In an excellent Vox Q&A conducted by Sean Illing, Michael Bess, author of Our Grandchildren Redesignedbelieves the ETA for this brave new world is 2050 or so. He fears the possibility of a whole new different level of wealth inequality, but he doesn’t think we should be overly deterministic about the effects of these technologies, arguing we can consciously direct their course despite not really having the time to get ahead of the onrushing problems.

In a perfectly flat world, sure. In a globe filled with competing states and corporations and groups and individuals, however, there will be no consensus. Some actors will push the envelope, hoping for an edge, and others may react in kind. This dynamic will be especially true since the machinery and materials won’t be rare, expensive and closely held, like in the case of nuclear weaponry. As Freeman Dyson has written: “These games will be messy and possibly dangerous.”

An excerpt:

Sean Illing:

And this revolution in biotechnology, in the ability to tinker with the human genome and alter our own biology, is coming whether we want it to or not, right?

Michael Bess:

It is, but I’m always careful about saying that, because I don’t want to fall into technological determinism. Some of the writers like Ray Kurzweil, the American inventor and futurist, have tended to do that. They say it’s coming whether we like it or not, and we need to adapt ourselves to it.

But I don’t see technology that way, and I think most historians of technology don’t see it that way either. They see technology and society as co-constructing each other over time, which gives human beings a much greater space for having a say in which technologies will be pursued and what direction we will take, and how much we choose to have them come into our lives and in what ways.

And I think that is important to emphasize — that we still have agency. We may not be able to stop the river from flowing, but we can channel it down pathways that are more or less aligned with our values. I think that’s a very important point to make when we talk about this.

What’s happening is bigger than any one of us, but as we communicate with each other, we can assert our values and shape it as it unfolds over time, and channel it on a course that we’d prefer.

Sean Illing:

Whatever shape it does take, we’re not talking about some distant future here — we’re talking about the middle years of this century, right?

Michael Bess:

Absolutely.

Sean Illing:

How will human life improve as a result of this revolution?

Michael Bess:

I think it’s going to improve in countless ways. These are going to be technologies that are hard to resist because they’re going to be so awesome. They’re going to make us live longer, healthier lives, and they’re going to make us feel younger.
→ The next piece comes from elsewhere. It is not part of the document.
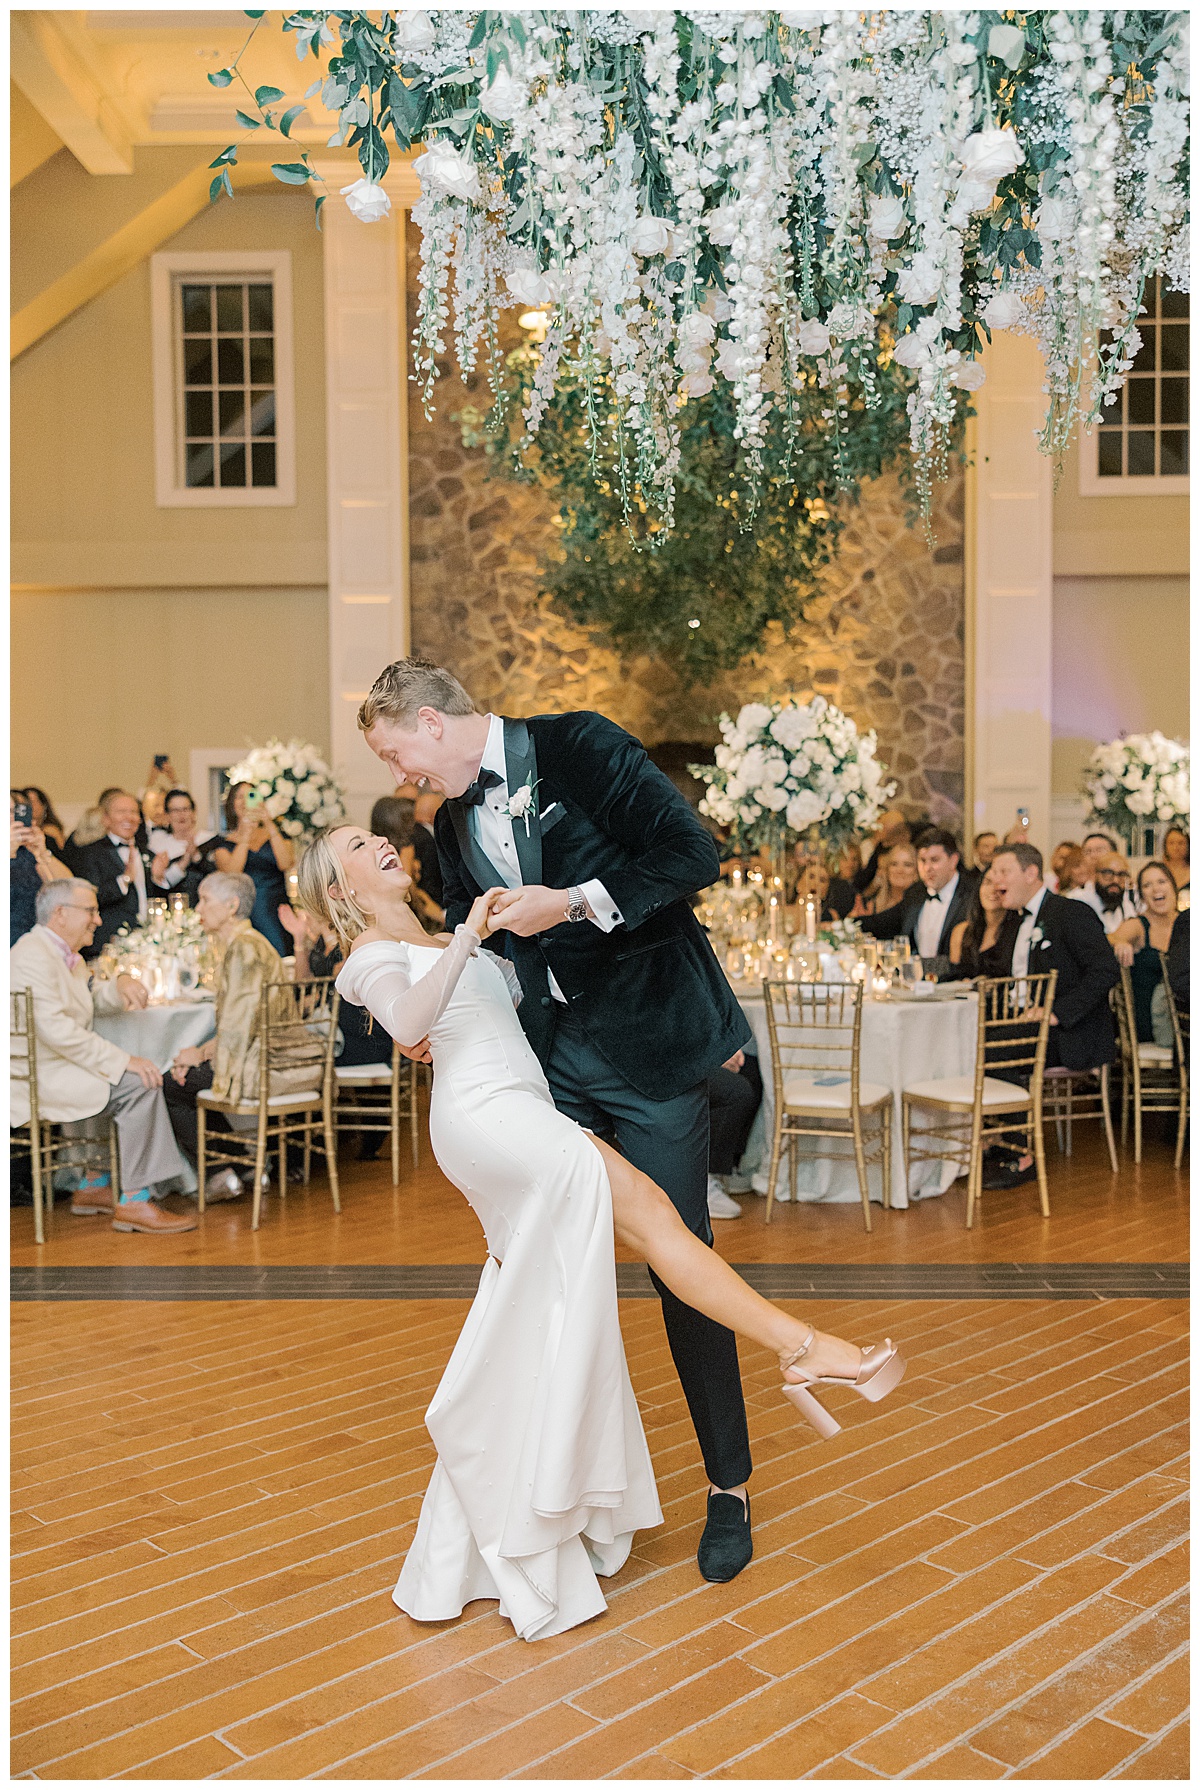 Bride and groom share their first dance together at The Ryland Inn as the guests cheer and clap.

So some of the scientists and doctors are talking about rejuvenation technologies so that people can live — have a longer, not only life span, but health span — which would mean that you could be 100 years old but feel like a 45-year-old, and your mind and body would still be young and vigorous and clear. So one aspect has to do with just quality of basic health and having that for a longer period of time.

Some of these chemicals — maybe some of the new bioelectronic devices — will allow us to improve our cognitive capacities. So we’ll be able to have probably augmented memory, maybe greater insight, maybe we’ll be able to boost some of the analytical functions that we have with our minds. And, in other words, sort of in a broad-spectrum way, make ourselves smarter than we have tended to be.
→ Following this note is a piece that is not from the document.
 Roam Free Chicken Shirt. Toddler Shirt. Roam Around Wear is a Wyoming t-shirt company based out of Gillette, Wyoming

There will also be a tendency for us to merge our daily lives, our daily activities, ever more seamlessly with informatic machines. It’s science fiction now to talk about Google being accessible by thought, but that’s not as farfetched as many people think. In 30 or 40 years, it’s possible to envision brain-machine interfaces that you can wear, maybe fitted to the outside of your skull in a sort of nonintrusive way, that’ll allow you to connect directly with all kinds of machines and control them at a distance, so your sphere of power over the world around you could be greatly expanded.

And then there’s genetic technologies. I imagine that some of them will be a resistance to cancer — or perhaps to certain forms of cancer — that could be engineered into our DNA at the time of conception. What’s more exciting to me is going beyond the whole concept of designer babies and this whole new field of epigenetics that is coming out.

What I see there as a possibility is that you’ll be able to tinker with the genetic component of what makes us who we are at any point in your life. One of the most awful aspects of designer babies is somebody’s shaping you before you’re born — there’s a loss of autonomy that’s deeply morally troubling to many people. But if you’re 21 years old and you decide, okay, now I’m going to inform myself and make these choices very thoughtfully, and I’m going to shape the genetic component of my being in precise, targeted ways.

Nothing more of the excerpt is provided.